Phase 1 — replacing traversals of the entire DOM tree (via $$) with smaller traversals
Roughly speaking, this corresponds to strategy (3).
|Replace $$(‘.class’) by $(‘section’).getElements(‘.class’) in critical sections||2345ms||20%||20%|
|Chage getElements(‘.class’) to getElements(‘div.class’) in critical sections||2094ms||12%||34%|
|Found more places to do the above optimizations||1723ms||22%||63%|
|Replaced getElements() with getChildren() where possible||1641ms||5%||71%|
Along the way, I tried all sorts of other optimizations, but none of them yielded much benefit. Now that I was reaching the point of diminishing returns, it was time to see if there were chunks of code I could safely skip.
Phase 2 — skipping handler functions when possible
I knew that there was almost certainly code I was running that could be skipped (strategy 2). Why?
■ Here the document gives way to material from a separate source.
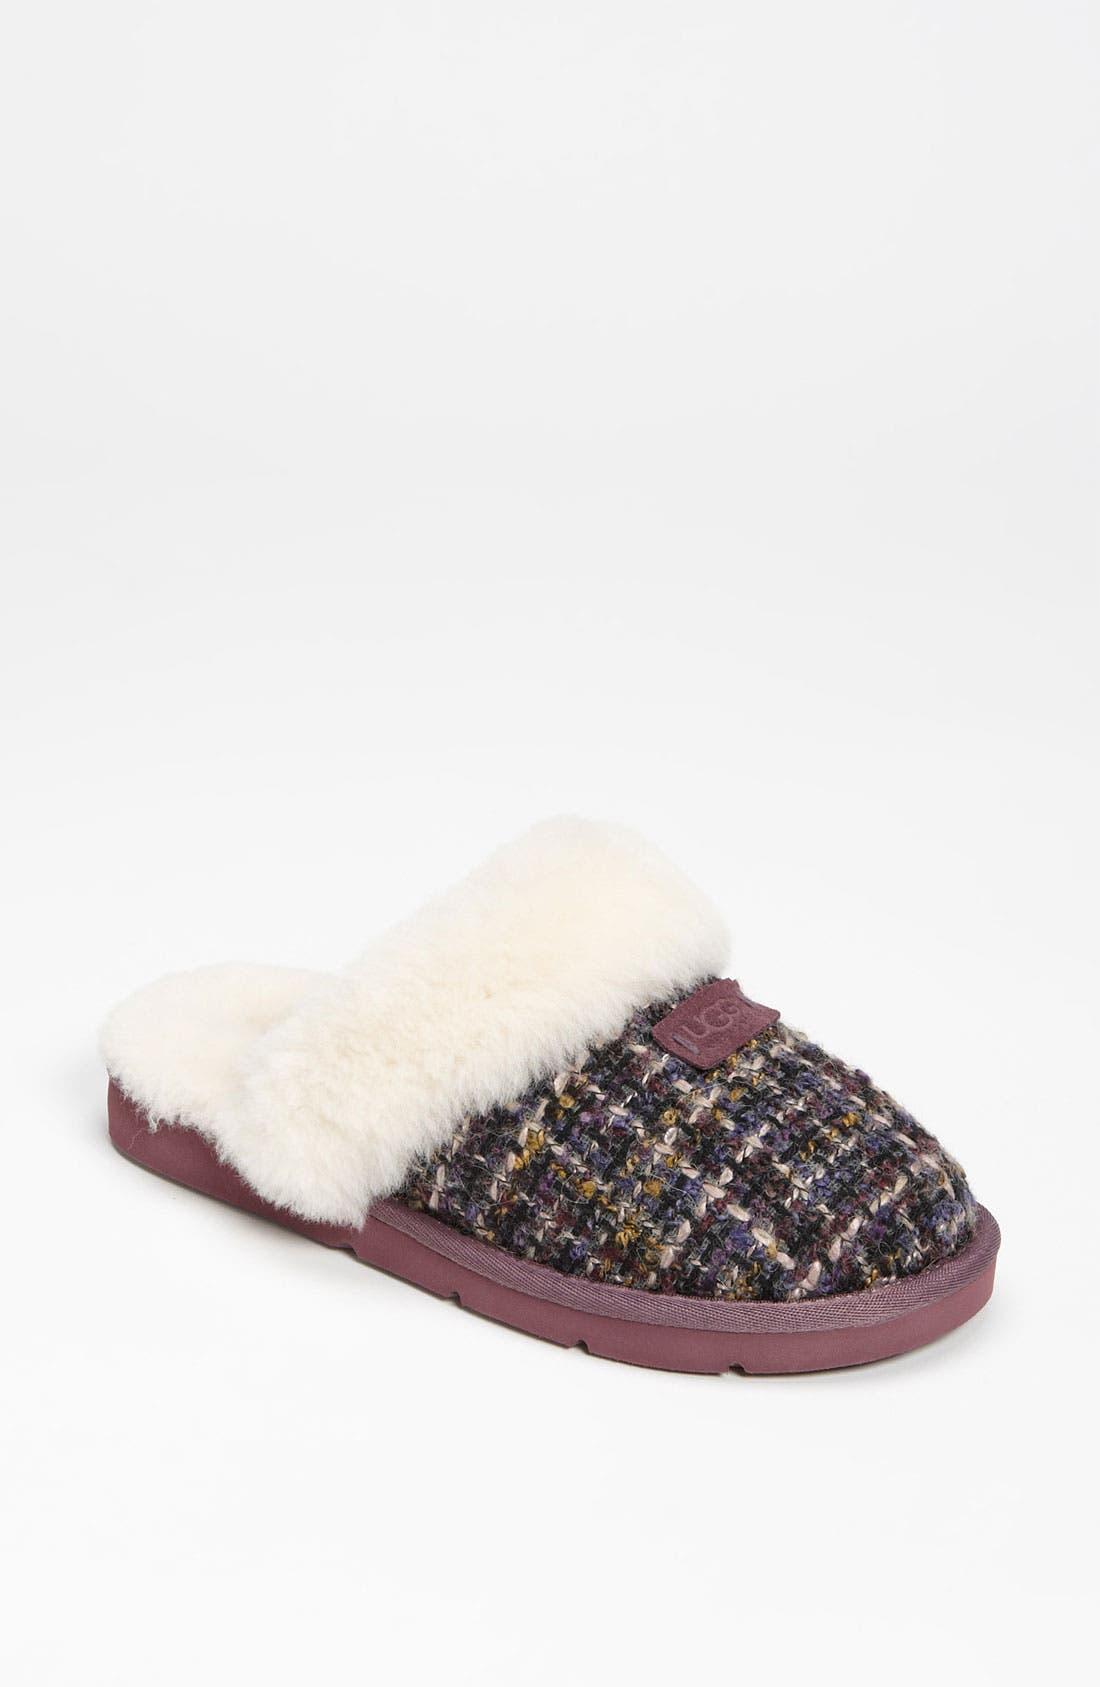 Alternate Image 1 Selected - UGG® Australia 'Cozy Tweed' Slipper (Women)

I find that when writing UI code, it is often easier to use brute force to make sure that everything is working consistently. For example, if an AJAX call updates a certain part of the screen, it is often easier to blow away all event handlers from everything and re-add them where needed, rather than just patching up event handlers for the portion of the screen that was updating.
My rationale is that you can always fix this at the end. And well, it was now time to pay the piper.
My test case involved doing the same UI gesture 8 times. And most of the time was going to the following functions:
add_panel_handlers_if_needed(): 8 times
add_content_handlers(): 16 times
add_panel_handlers(): 8 times
actually_do_drag_cleanup(): 8 times
remove_content_handlers(): 24 times
fix_detail_handlers(): 8 times
handle_click(): 8 times
fix_toggle_rte_handlers(): 8 times
add_drag_handlers_and_start(): 8 times
add_insert_handlers(): 8 times
You can see that some functions are being called 8 times and some were being called 24 times. As it turns out, this was just due to programmer laziness. By adding a few checks, some of those redundant calls could be safely avoided.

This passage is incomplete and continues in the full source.